# Jigs using Aluminum Extrusions?



## Scootles (Feb 27, 2013)

I worked in a cabinet shop and we had a few jigs that were made with aluminum extrusions.They were exceptionally stable.

I want to make a jig to route out dado's using aluminum extrusions like this. Have any of you ever done it? If so, where do you get parts for it?

Basically what I'm thinking is a manual CNC type thing that only goes 2 directions. Forward to back. Ideas?


----------



## Loren (May 30, 2008)

Ebay.

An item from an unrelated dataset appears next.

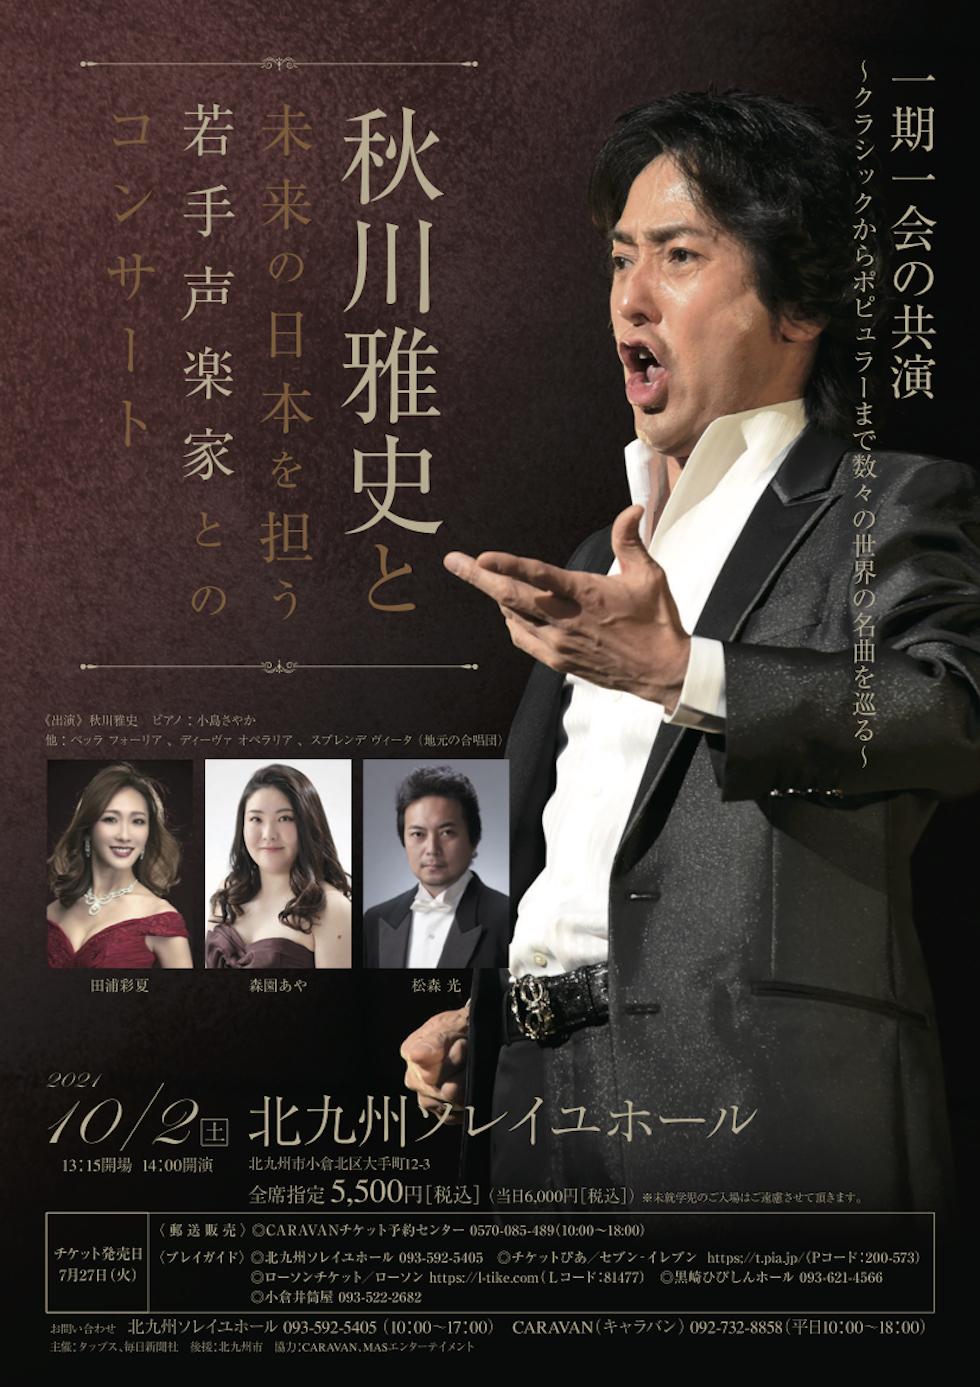 秋川雅史と未来の日本を担う若手声楽家とのコンサート 一期一会の共演 ~クラシックからポピュラーまで数々の世界の名曲を巡る~
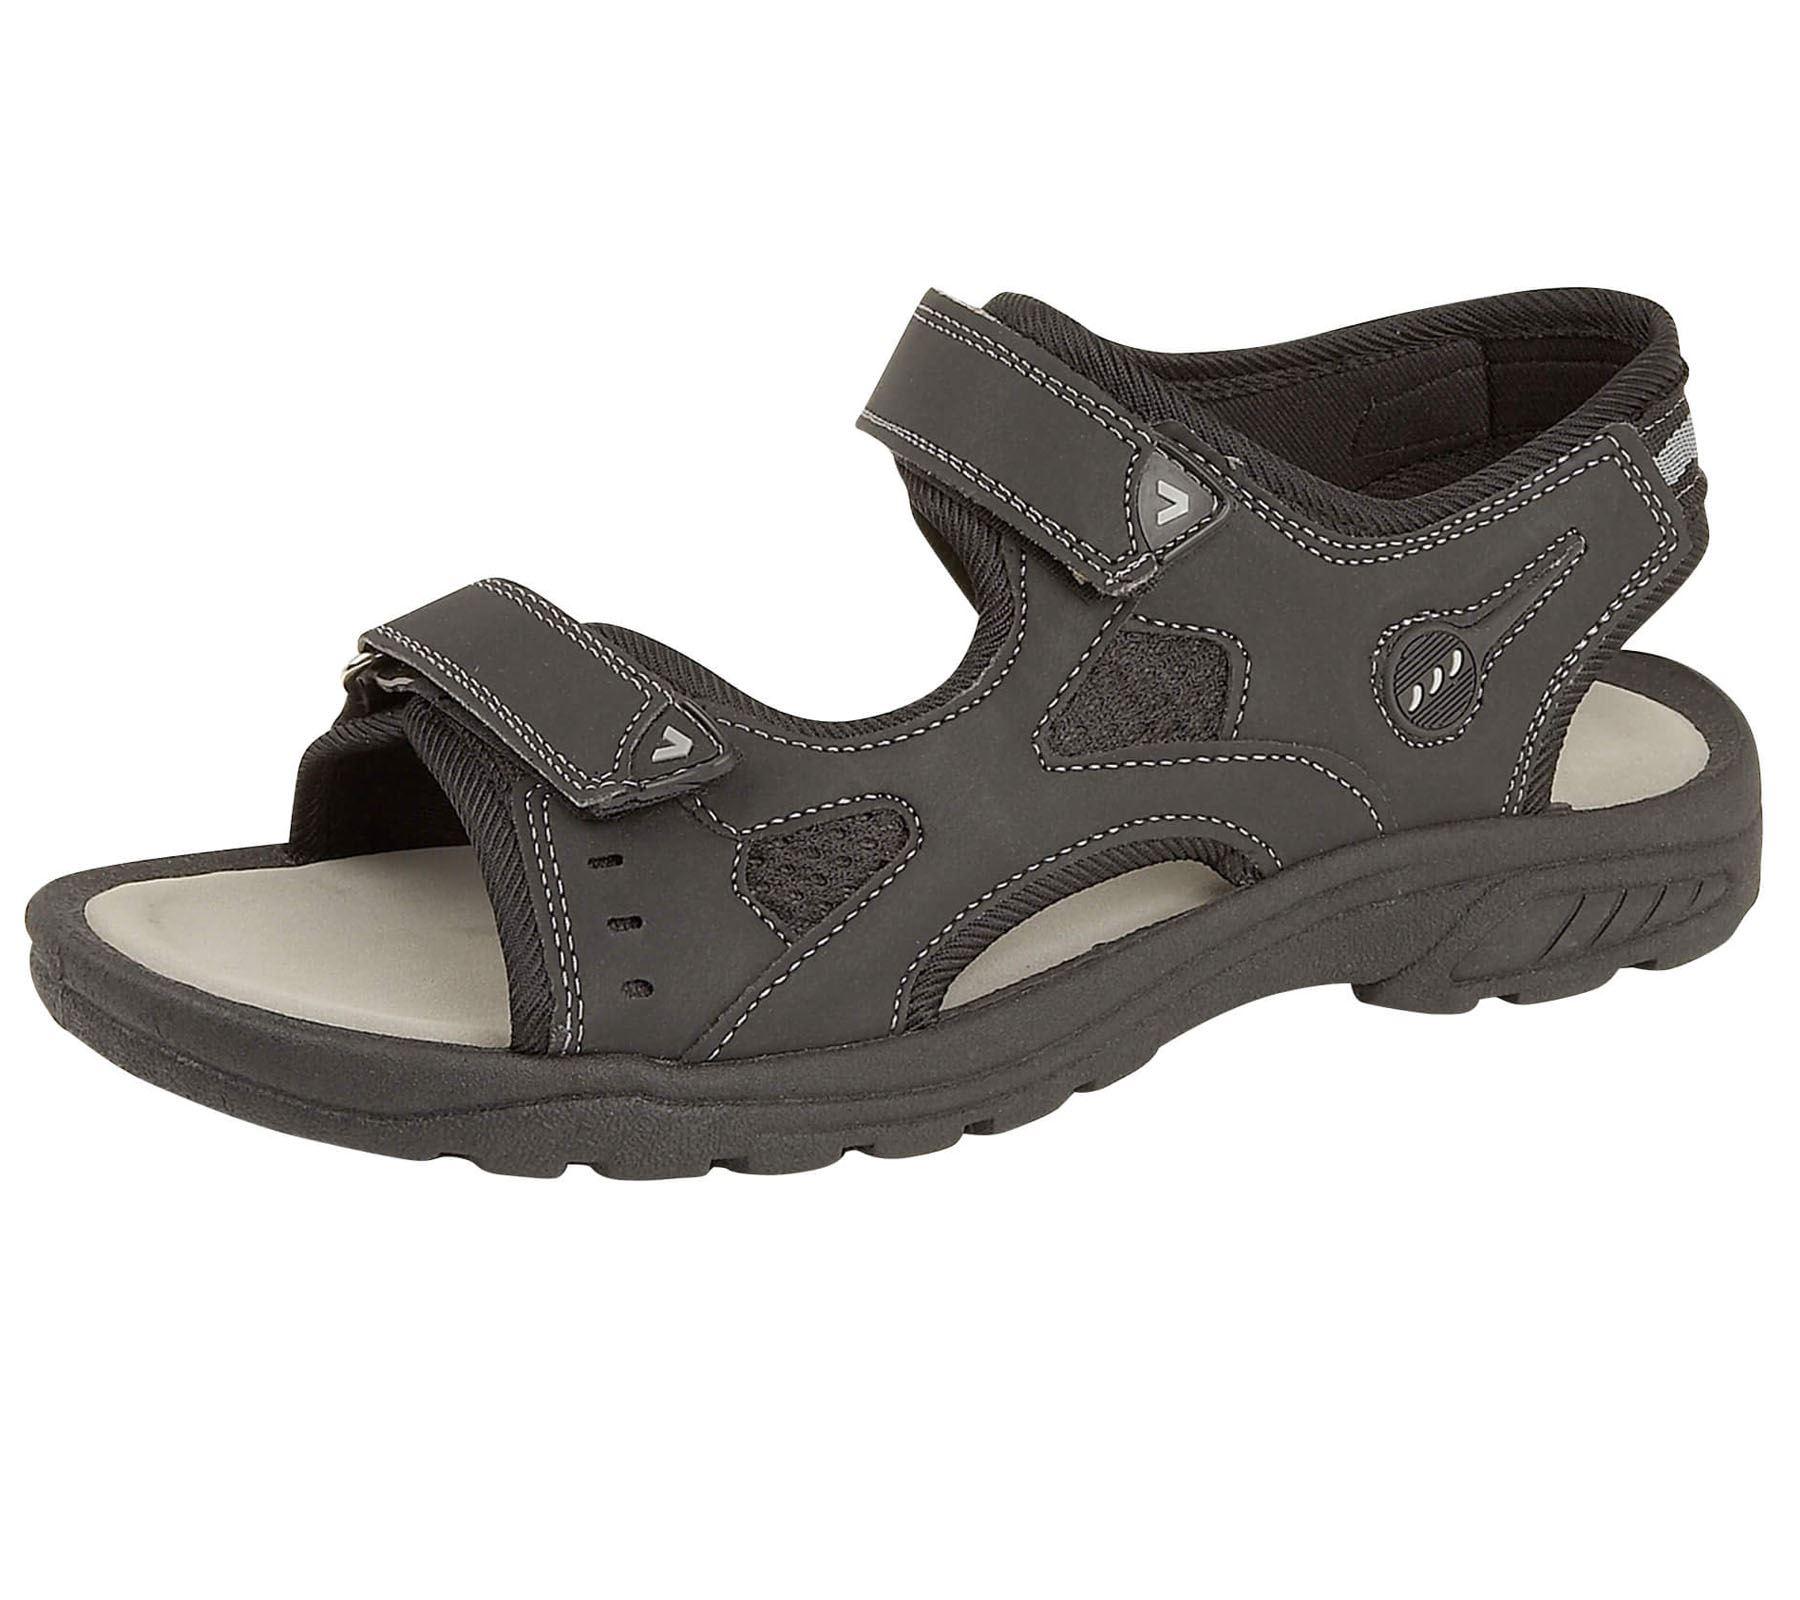 Mens-Sandals-Summer-Beach-Casual-Syenthatic-Sandals miniatura 6

Look for "t slot extrusion".

80/20 has an extensive catalog.


----------



## Scootles (Feb 27, 2013)

Is there any benefit of that over this http://openbuildspartstore.com/
I'm seeing that things like 'wheels' and 'bearings' are ridiculously expensive… around 25+$ each for the T slot, whereas the V shaped extrusions wheels/bearings are only around 3-5$ each. I'm not looking to make this an exceptionally expensive project if I can help it. I'd really like to make something rigid for use with certain repeatable cuts like dados


----------



## Loren (May 30, 2008)

This guy was selling bearing sets which can be mounted on round
tubes, which are cheaper and easier to get than t slot extrusions.


----------